I’ve realized that the only way to develop an understanding of the game’s organic flow is to see it in person. Watching the game on a computer doesn’t show how players utilize space or the communication it takes to construct an organized back line. If you enjoy watching the Barclays Premier League on NBC and are looking to take this interest to the next step, then supporting your school’s team is the logical choice.

I’m also not going to act like I don’t know what us college students love to do. We like to get drunk and make asses of ourselves. Well, I’m presenting a way that we can do this and be constructive at the same time. Soccer support is all about being as obnoxious as possible. Drums, chants, and costumes are a few ideas to get your student section started. If we come together and give our schools legitimate fanbases, then young players might start believing that college soccer will prepare themselves for the atmospheres of the MLS and top leagues in Europe.

A spike in student turnout will help shine light on two very important things college soccer is doing to promote the sport in America.

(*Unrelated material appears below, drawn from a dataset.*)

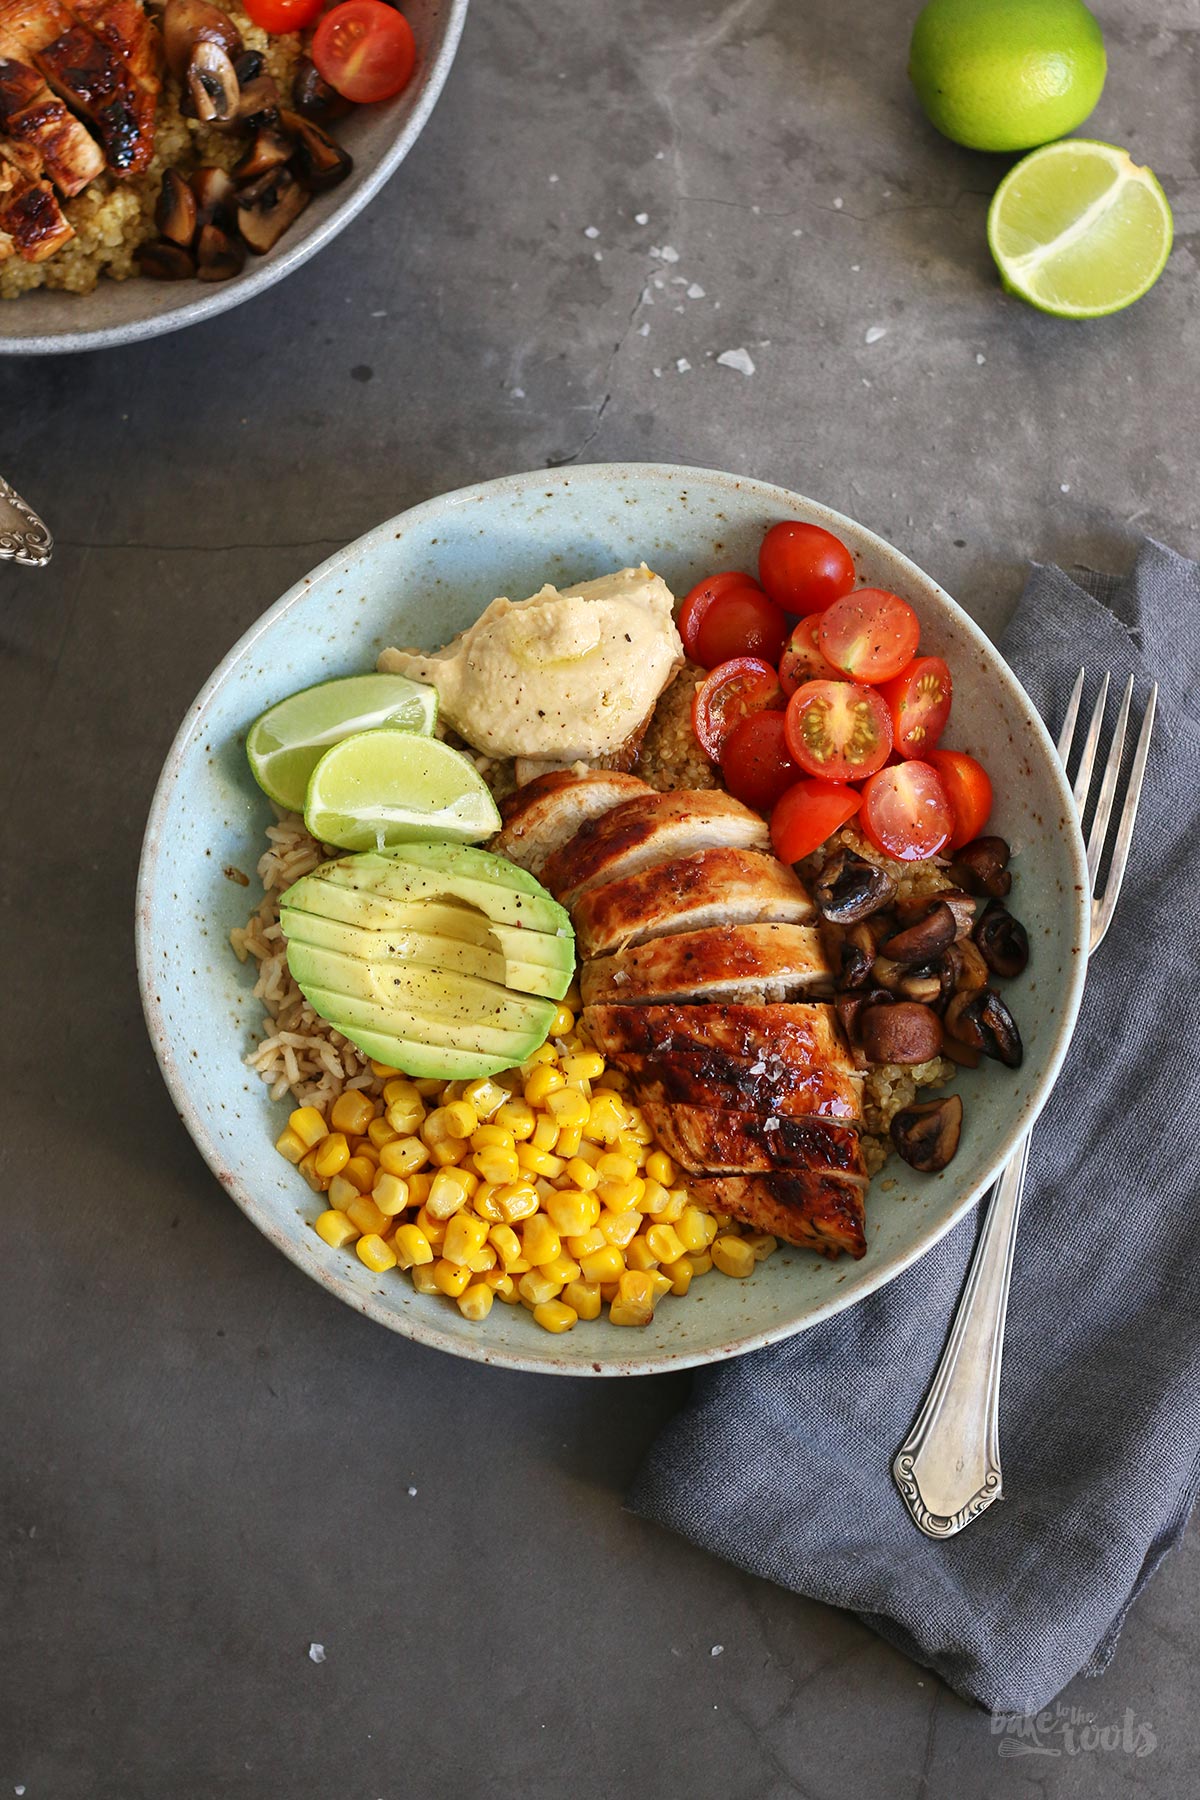 Quinoa Bowl with Chicken and Hummus | Bake to the roots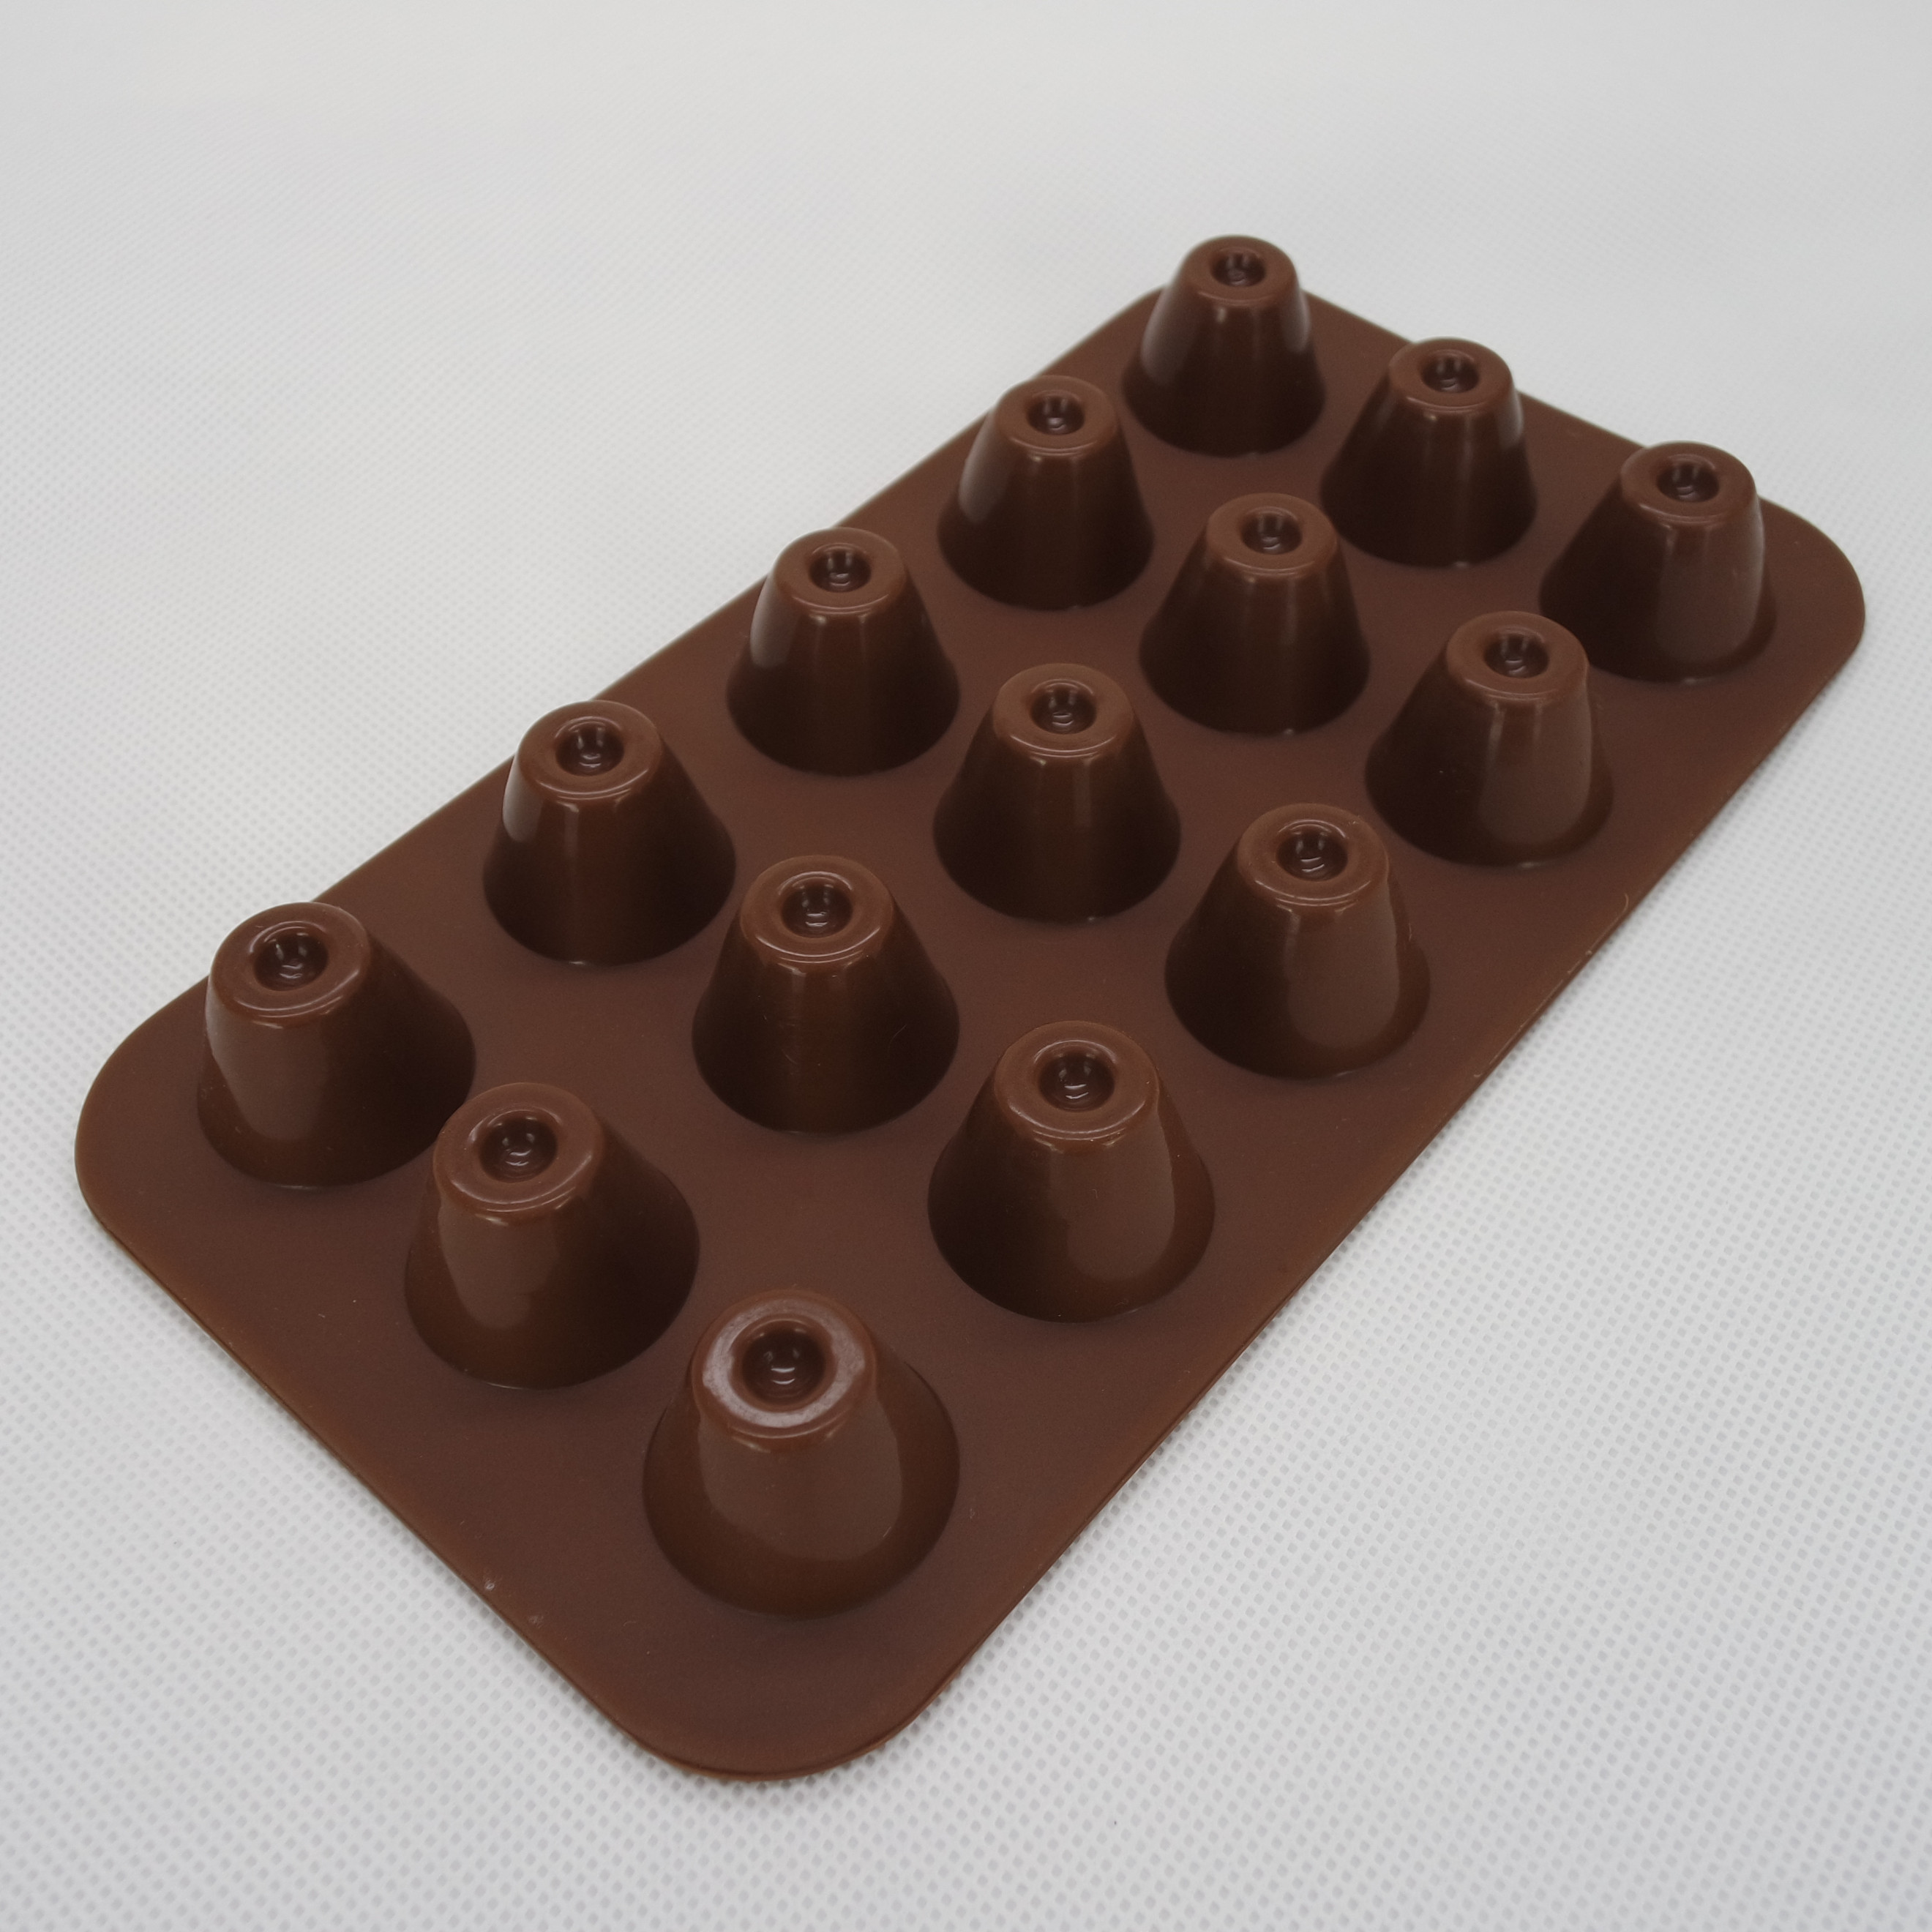 CXCH-025	Silicone chocolate mould

The college level is the first chance that European tactics can be infused into the American style of play. Many collegiate coaches rely on recruits from Germany and England to give their stateside players a deeper understanding of the game. Soccer pervades every aspect of European culture and kids learn how to play within a system from a young age. The American style, based on speed and individual skill, melds with the systematic adaptability of the Europeans to create a comprehensive product.

The other thing that college soccer is doing right is allowing this mixture of skill and system to be seen by impressionable eyes. Tickets to matches are free almost anywhere. It is a great way for the family to spend a Saturday. I was amazed by how fixated these young children were to the actual play. For these little soccer stars the college athletes are role models. They look on analyzing the proper technique and try to emulate it in the backyard.

Later when I look back on the 2014 college soccer season, my lasting impression will not be of Riggs Lennon’s Virginia teammates rushing the field to congratulate him for slotting home the decisive penalty in the College Cup final. Instead, it will come from a mid-season match between Saint Louis and George Mason in Fairfax, VA. A group of ten-year-old girls dressed up in their soccer uniforms unfold a large George Mason banner. Their tiny arms struggle to hold the banner up in the air and large chunks drag along the bleachers. Yet the girls are relentless in their passion for the game in front of them. They start a call and response. “GEORGE!”…… “MASON!” A boys youth team on the other side of the stands joins in. Together they make the only noise in the park. When next fall rolls around, take inspiration from these little girls and do your part in making sure the college level is a vital part of soccer becoming America’s sport of the future.